Although I did spy them playing together..as in Angel partaking in play once..I dont think Angel saw me watching, because when she looked up and saw me, she got a "deer in the headlight" look..she is constantly trying to convince me how awful it is with Halo out there with her..


----------



## Mzyla (Apr 3, 2012)

Looks like she is going to be pretty handsome dog!
Yes, at 6 months they look neither grown up, neither puppies....my was pretty ugly at 6 months.
Now when he is 14 months old, it became a Polar Bear (some people not familiar with GP were asking me, what is that Polar Bear?)


----------



## gretchenann (Apr 4, 2012)

She is a beauty


----------



## Remuda1 (Apr 11, 2012)

They're both beautiful dogs. I wish I had had an older dog to start a pup out with, I think they do help to train the younger ones.  My two also usually will be one in with the flock and the other on a rise somewhere. Weird how they just do that. I'm getting a kick out of them right now with the shedding. They don't look like the same dogs that they were this past winter. Looks like they've both lost a ton of weight, lol  .


----------



## TexasShepherdess (Apr 12, 2012)

Halo has white patches on her..she may shed out white versus the apricot color she is now.. my pasture has dog and sheep hair all over the place. 

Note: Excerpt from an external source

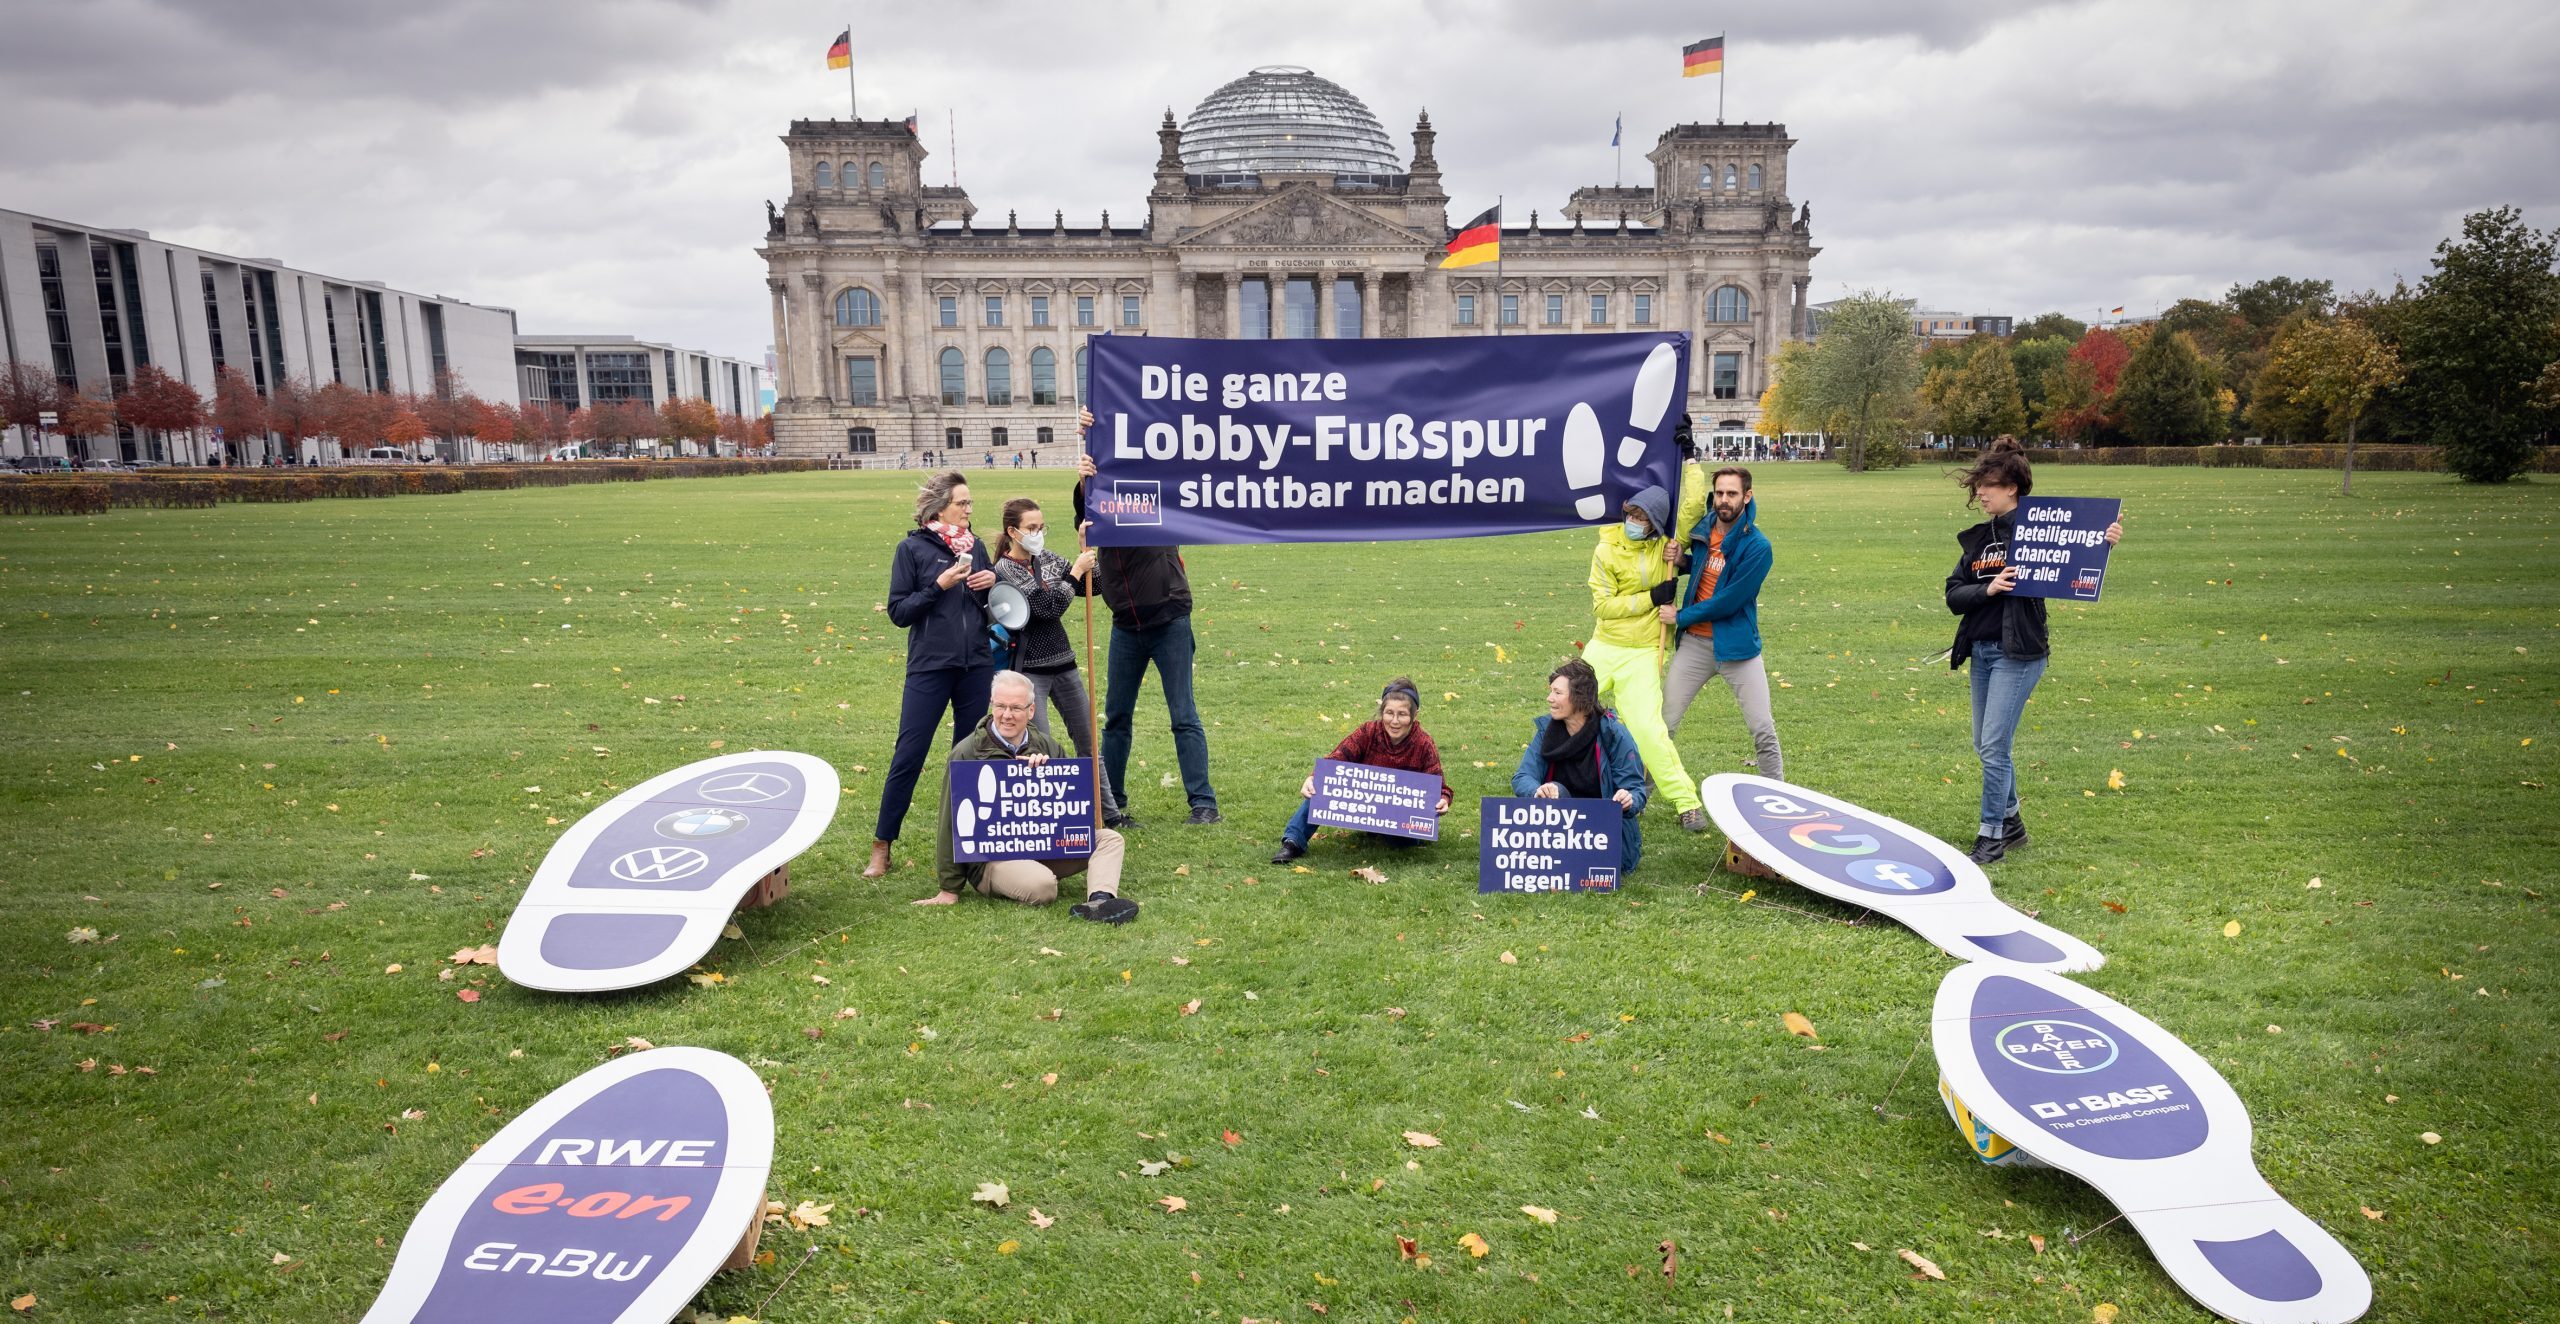 LobbyControl-Team mit "Die ganze Lobby-Fußspur sichtbar machen!" Schildern vor dem Bundestag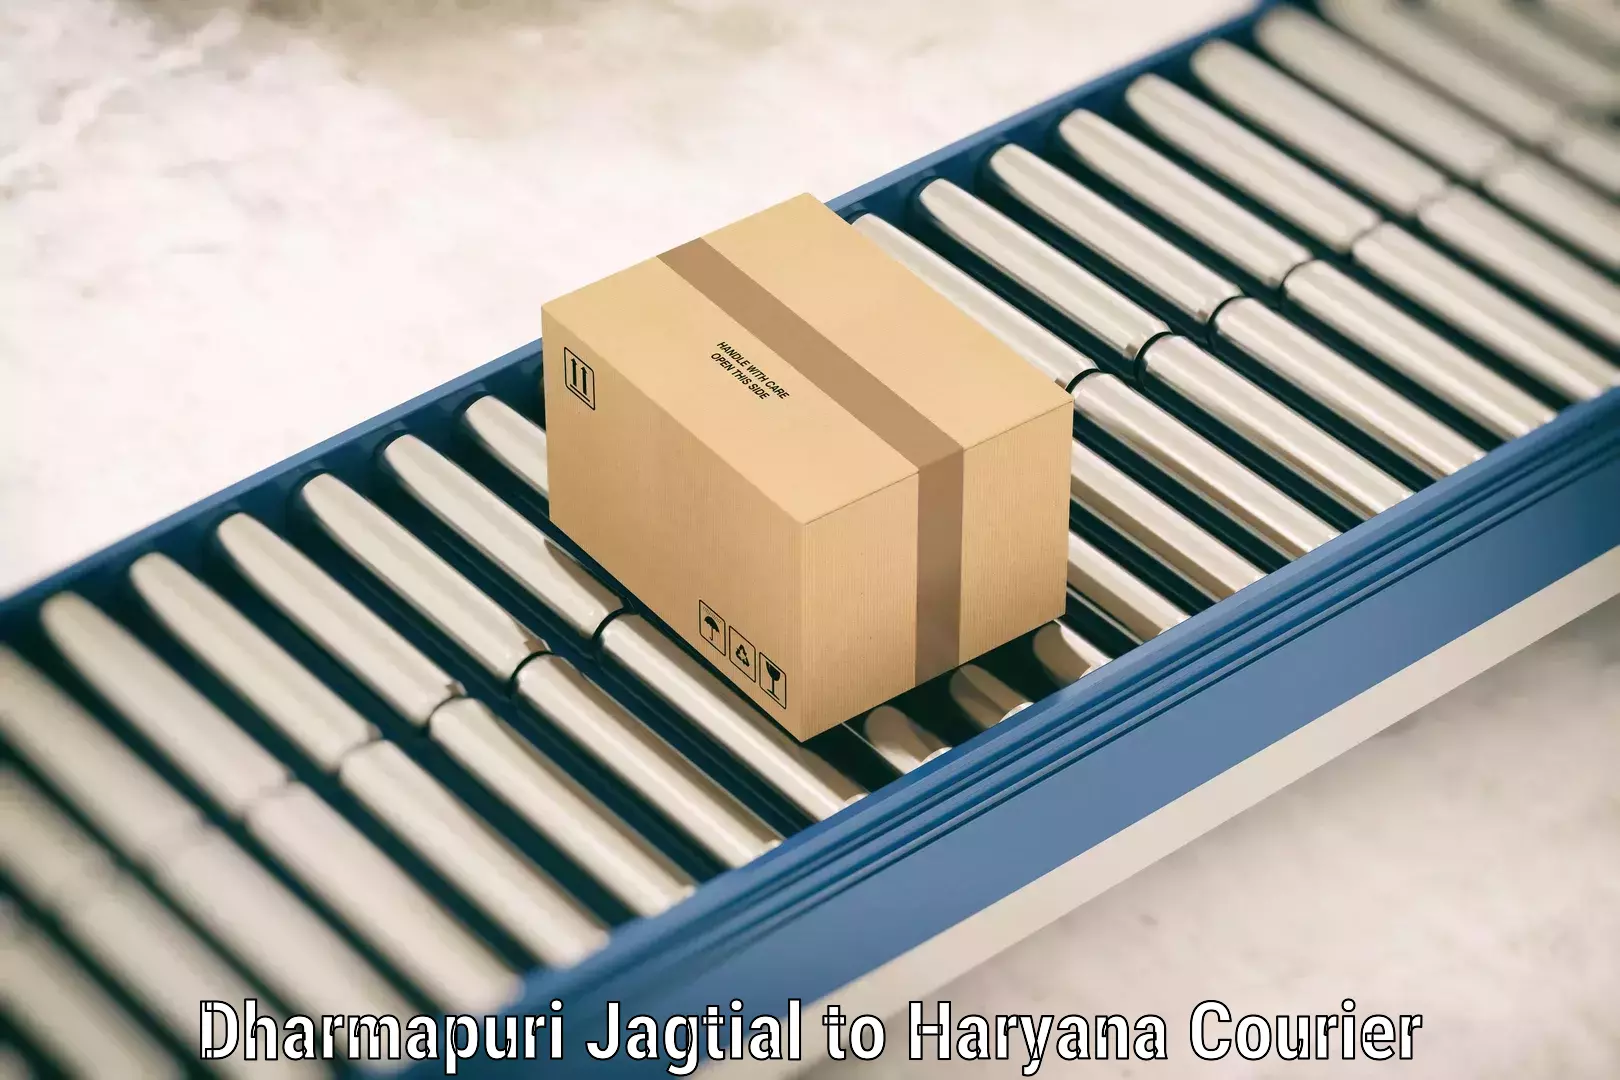 Streamlined baggage delivery Dharmapuri Jagtial to Hansi

She got to experience watching her first sheep work..by my border collie..while Angel laid down in the catch pen and chewed on her bone..Halo was TERRIABLY upset..bark bark, yip yip..she finally calmed down, but was very stressed..I swear she thinks she is a sheep..


----------



## Stubbornhillfarm (Apr 12, 2012)

TexasShepherdess said:
			
		

> Halo has white patches on her..she may shed out white versus the apricot color she is now.. my pasture has dog and sheep hair all over the place.
> 
> She got to experience watching her first sheep work..by my border collie..while Angel laid down in the catch pen and chewed on her bone..Halo was TERRIABLY upset..bark bark, yip yip..she finally calmed down, but was very stressed..I swear she thinks she is a sheep..


I suppose that would be a bit confussing and stressful for a LGD to watch a herding dog do its work.  Making noise, directing the sheep,etc.  What a great set up to have two different dogs doing two different jobs and each respecting the other in their roles.


----------



## TexasShepherdess (Apr 13, 2012)

yes..and Halo, being younger, I think is alittle more "keen" on her job then Angel..or Angel understands her job better perhaps? (if Sarah, me, is in with the sheep, its OK)

I am sure it will get easier as we do it more.


----------